The strange (for English speakers) word order is even evident in translation, as you can see. Note also that certain words must be supplied in English which are unnecessary in the Greek, as in "into the form of a serpent". Moreover, what Greek expresses in a mere 16 words English can only manage in 33!

Sometimes this sort of thing is used for rhetorical effect, but in fact a jumbled up word order is the norm.
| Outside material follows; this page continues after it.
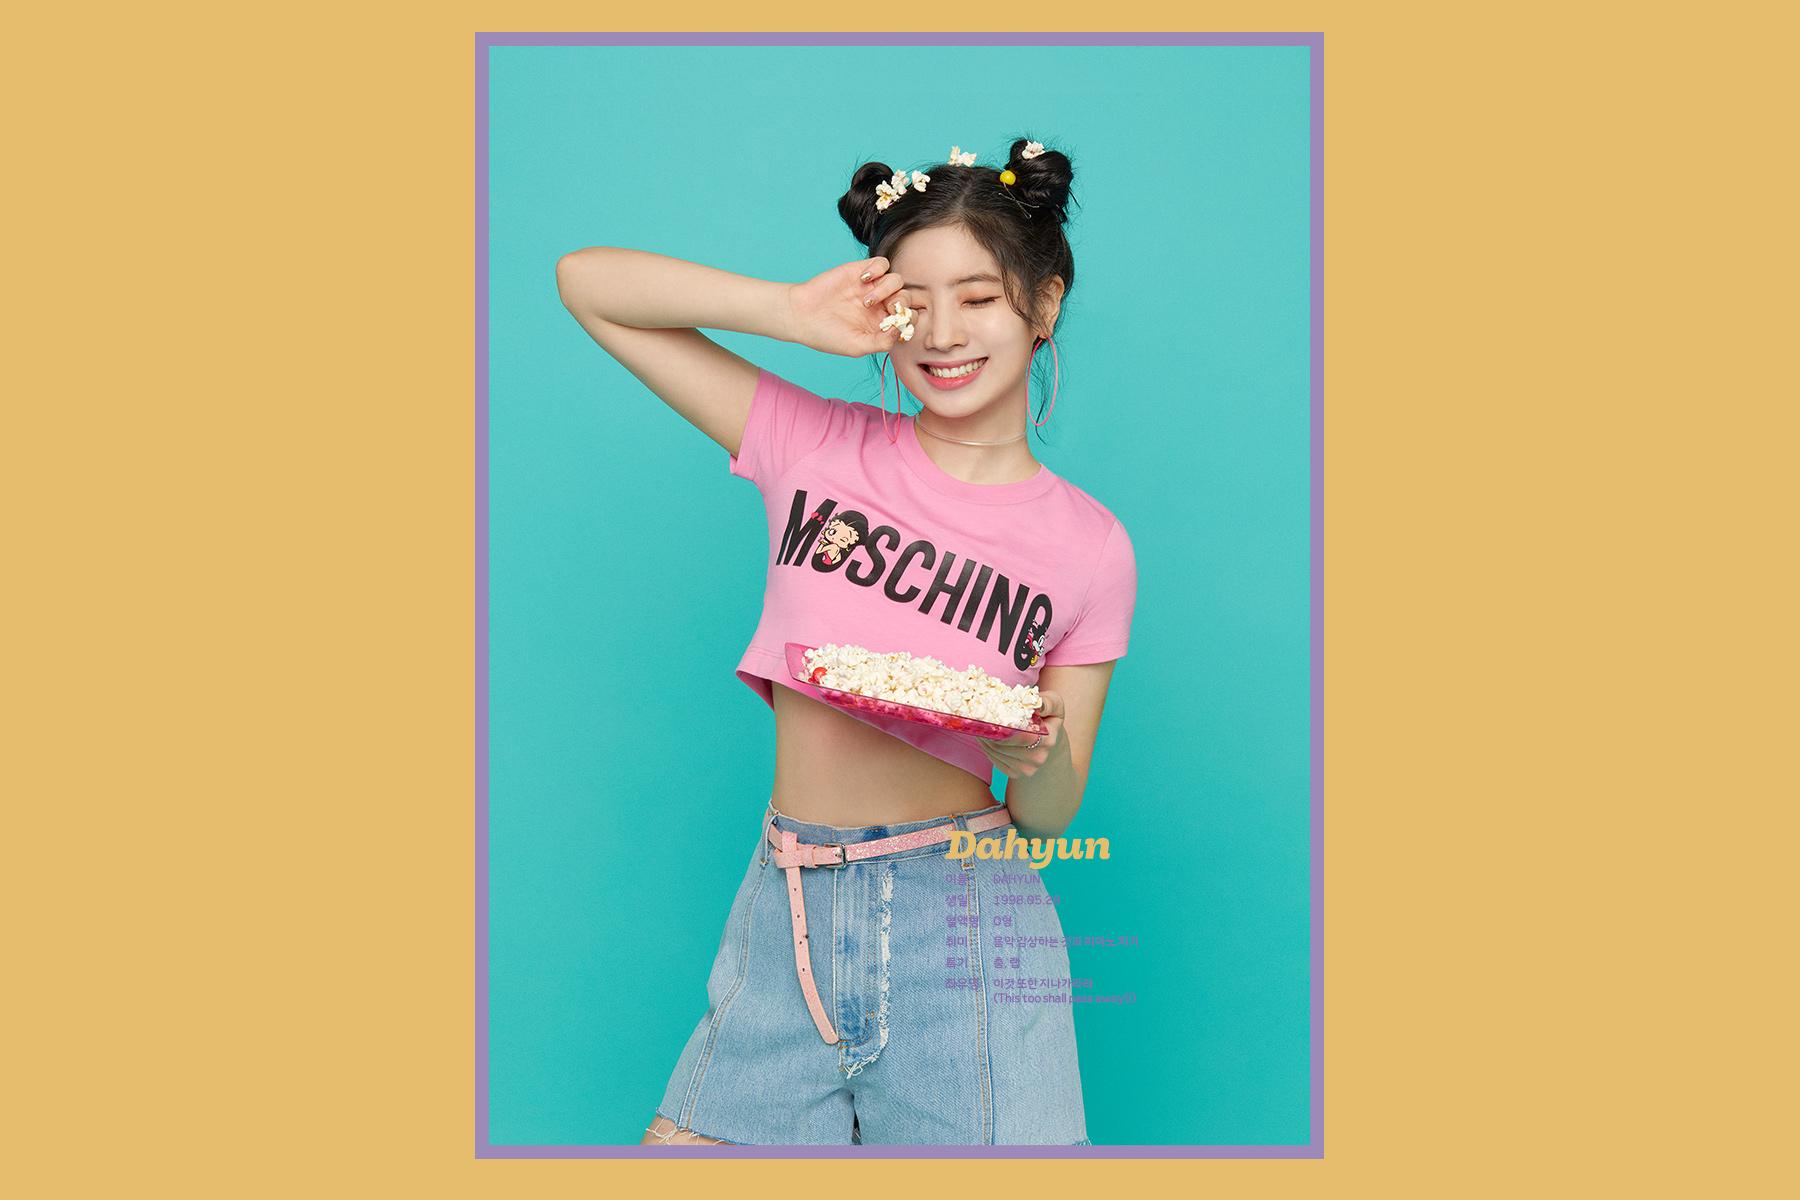 twice, dahyun, monsta x , jooheon, twice dahyun, monsta x jooheon, kpop couple, kpop fantasy, kpop pairing, kpop shipping,

Interestingly, as Greek develops into the Koine, word order becomes much more familiar to English speakers:

Ὅτε [when] δὲ [but] ἤμελλεν [was about] προσαγαγεῖν [to bring forward] αὐτὸν [him] ὁ Ἡρῴδης [Herod], τῇ νυκτὶ ἐκείνῃ [on that night] ἦν [was] ὁ Πέτρος [Peter] κοιμώμενος [sleeping] μεταξὺ [between] δύο [two] στρατιωτῶν [soldiers] δεδεμένος [bound] ἁλύσεσιν [by chains] δυσίν [two], φύλακές [sentries] τε [and] πρὸ [in front of] τῆς θύρας [the door] ἐτήρουν [were guarding] τὴν φυλακήν [the prison].

But when Herod was about to bring him forward, on that night Peter was sleeping between two soldiers, bound by two chains, and sentries in front of the door were guarding the prison. (Acts. 12:6).